Why aren't these folks gathering in each others' living rooms for 'protest dates?'  They know that you have to be out in public to persuade others.  photo credit:  chicagoweekly.net

Why do union members picket the businesses they are striking against? Why do political protesters gather and march together? Why do I make sure my kids and I play in the front of our house rather than in the back?

We all do these things at least in part because we’re trying to make an impression on passers by, and ultimately persuade them to join us. Unions and protesters have learned over the years that this strategy works. The more often they put bodies out in public, and the more bodies they have out there, the more outsiders they can convert to their cause.

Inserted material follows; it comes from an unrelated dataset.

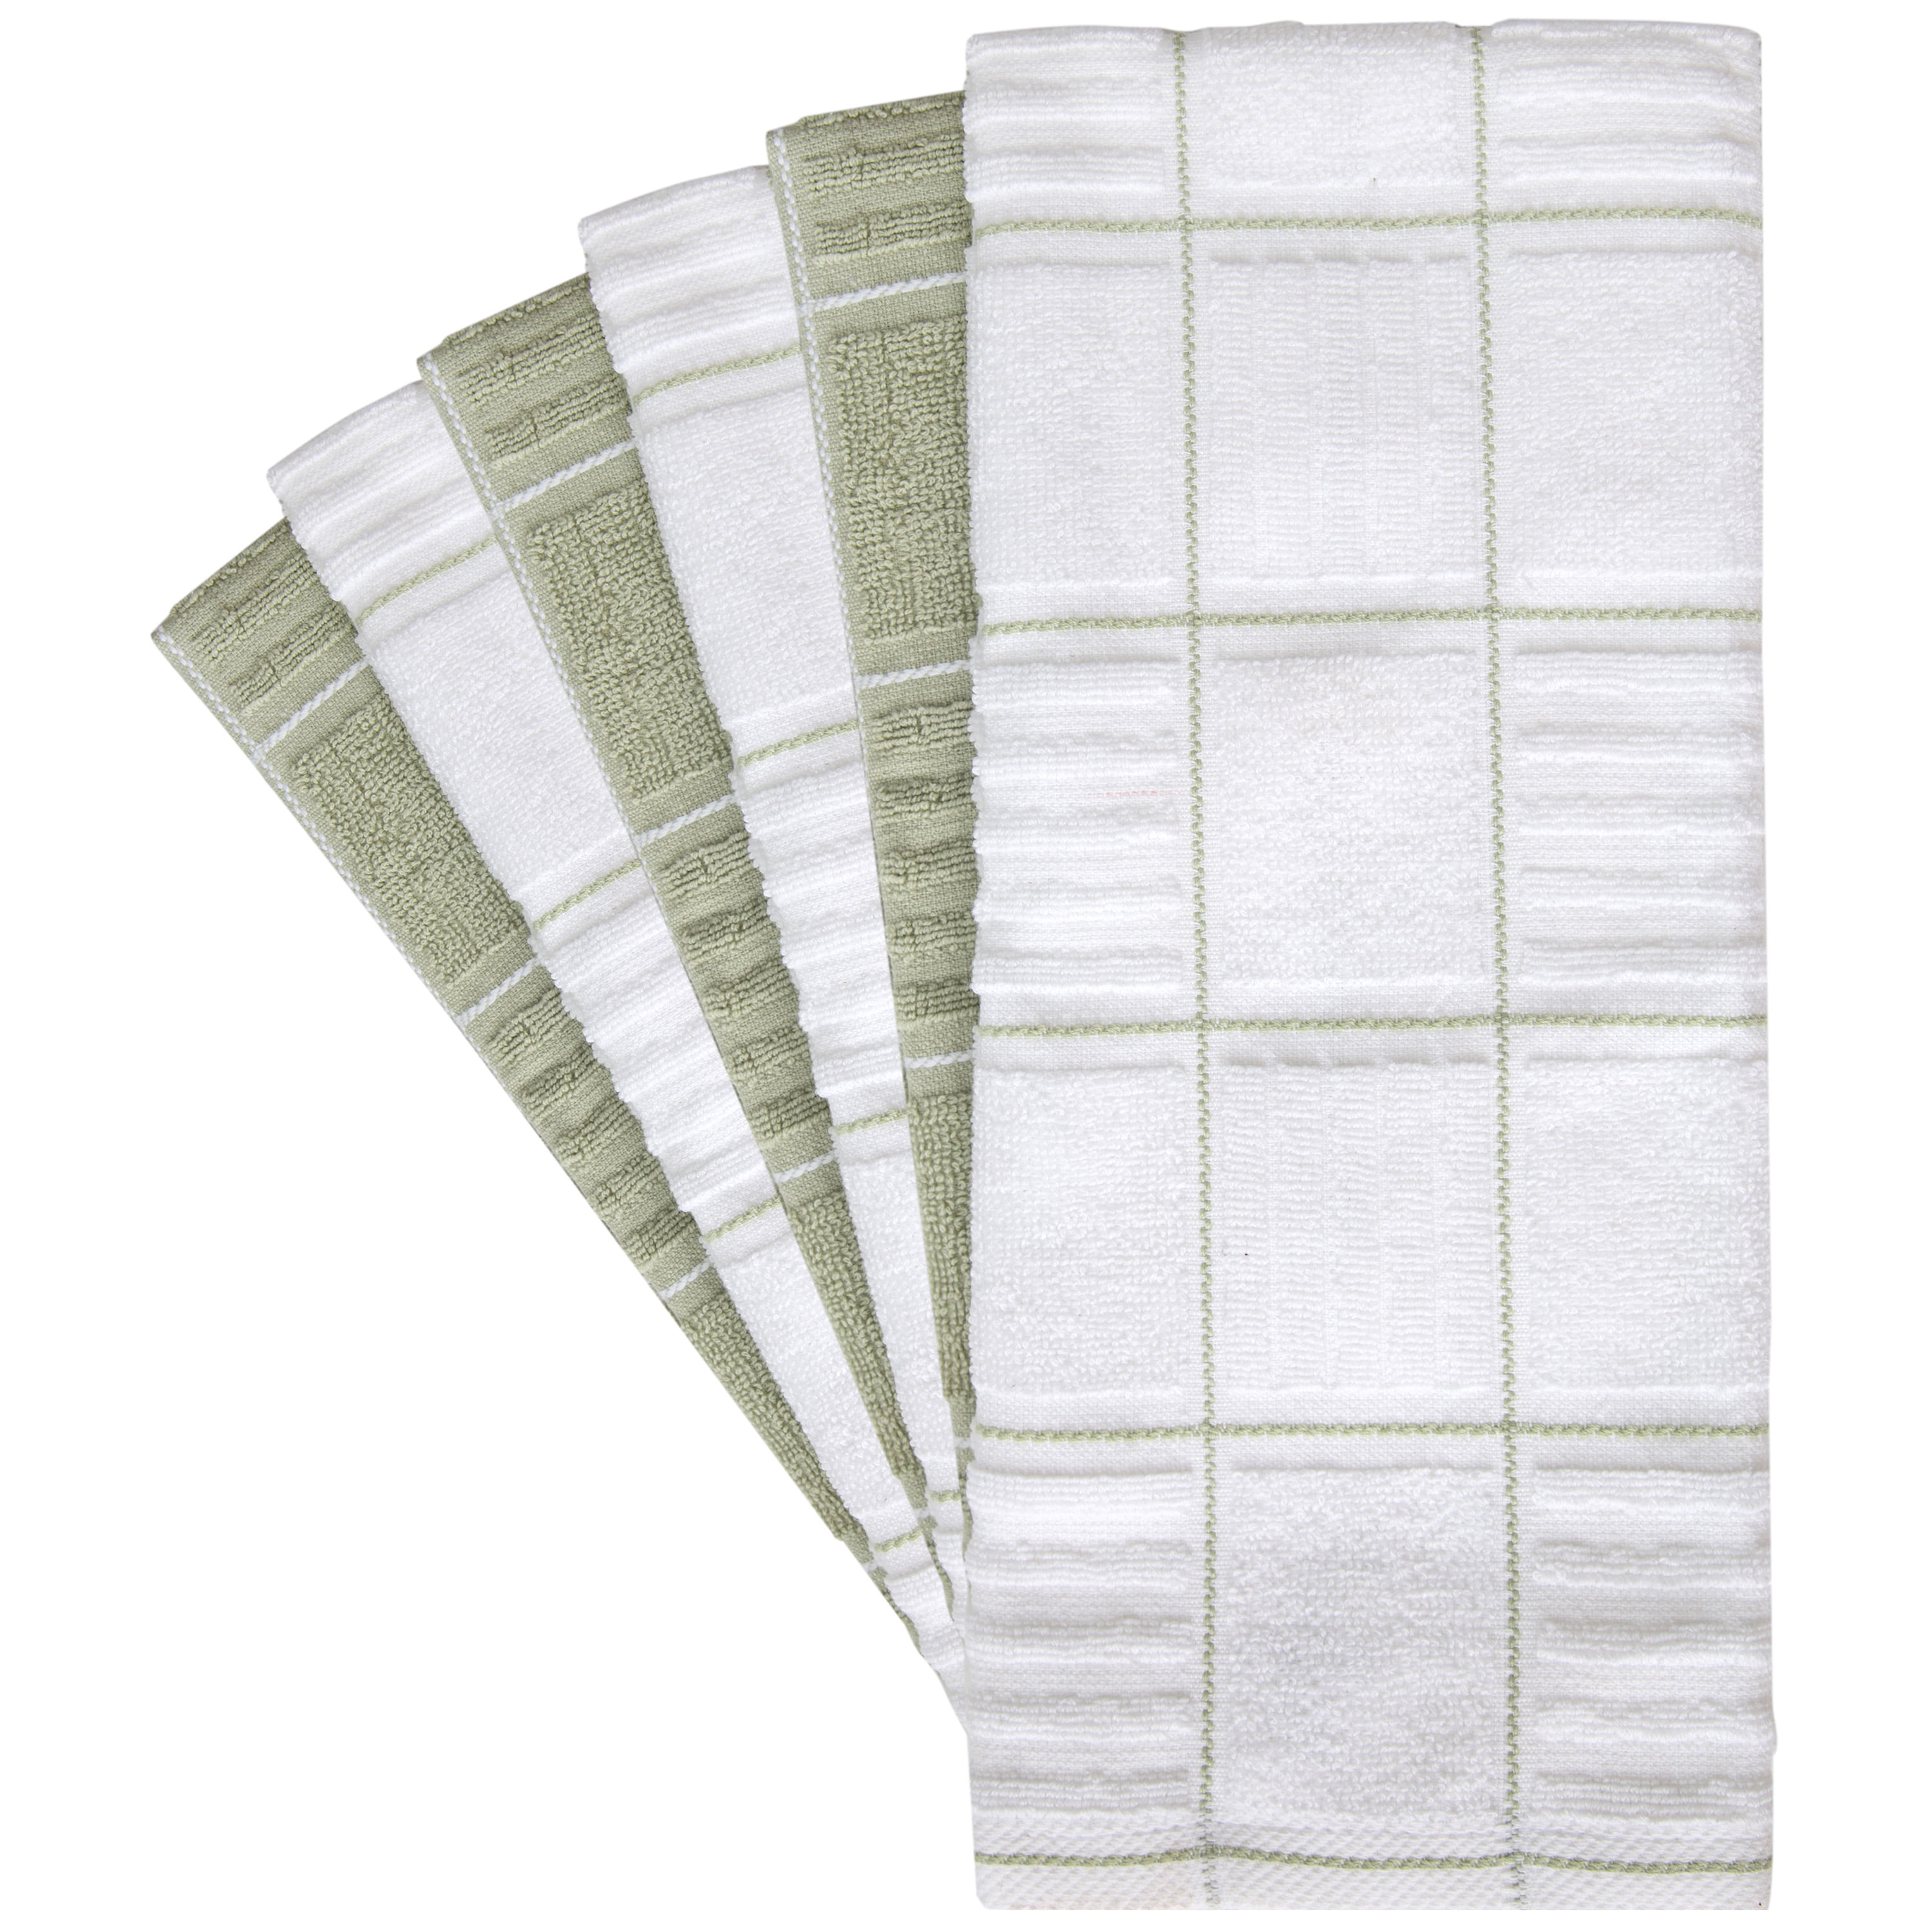 Bumble Bee Linen Cotton Organic Kitchen Towels, Dish Tea Towel

And so it is with play and neighborhoods, I’ve found. If you don’t care if your kids have more play opportunities with other kids, let them play inside your house and in your back yard. However, if you want to generate more play activity for your kids, you need your kids to be out front at every opportunity.Starting last summer, when my family moved into our Menlo Park (CA) home, my two boys (4-1/2 and 1-1/2) and I played a lot outside after dinner until we switched to Standard Time in November. During that period, we were usually the only people playing outside on our block.

Now that Daylight Savings Time is back, we’re playing in our front yard or on the street almost every night, and more and more kids and parents are making a habit of coming out to join us. In fact, it’s been weeks since my boys and I were the only people out playing.

There’s absolutely no planning involved. In other words, this is no “playdate” culture. We just walk out our front door after we’re done eating dinner, and other families do the same. In fact, every kid in our block has gotten in the habit of walking out (or persuading their parents to bring them out) at least a few evenings a week to see what’s happening.

What’s more, we’re starting to attract outsiders. One 3-year-old girl from two blocks away visits with her mom or babysitter a couple evenings a week. Most significantly, a couple pregnant with their first child just moved into a rental house on our block, and one of the reasons they chose it was because they saw my sons and I playing street hockey during their tour of the house.

Our block still can do better. Kids are sometimes dependent on us parents to initiate their play, but they are very young, and they are getting more independent week after week.

In addition, our play culture has yet to impact many people outside our immediate block. I know of a lot of kids within a block or two that I never see, and many other kids and adults pass by on evening strolls without ever stopping to talk or engage with us. I’m hopeful that our Front Yard Family Room, which will be largely completed in a few weeks, will become a destination that adults and children from many blocks around will gravitate toward.

Still, our public displays of play have taken the first step in creating a culture of spontaneous play and socializing every evening after dinner. It’s a nice life. I’m really looking forward to the next chapter.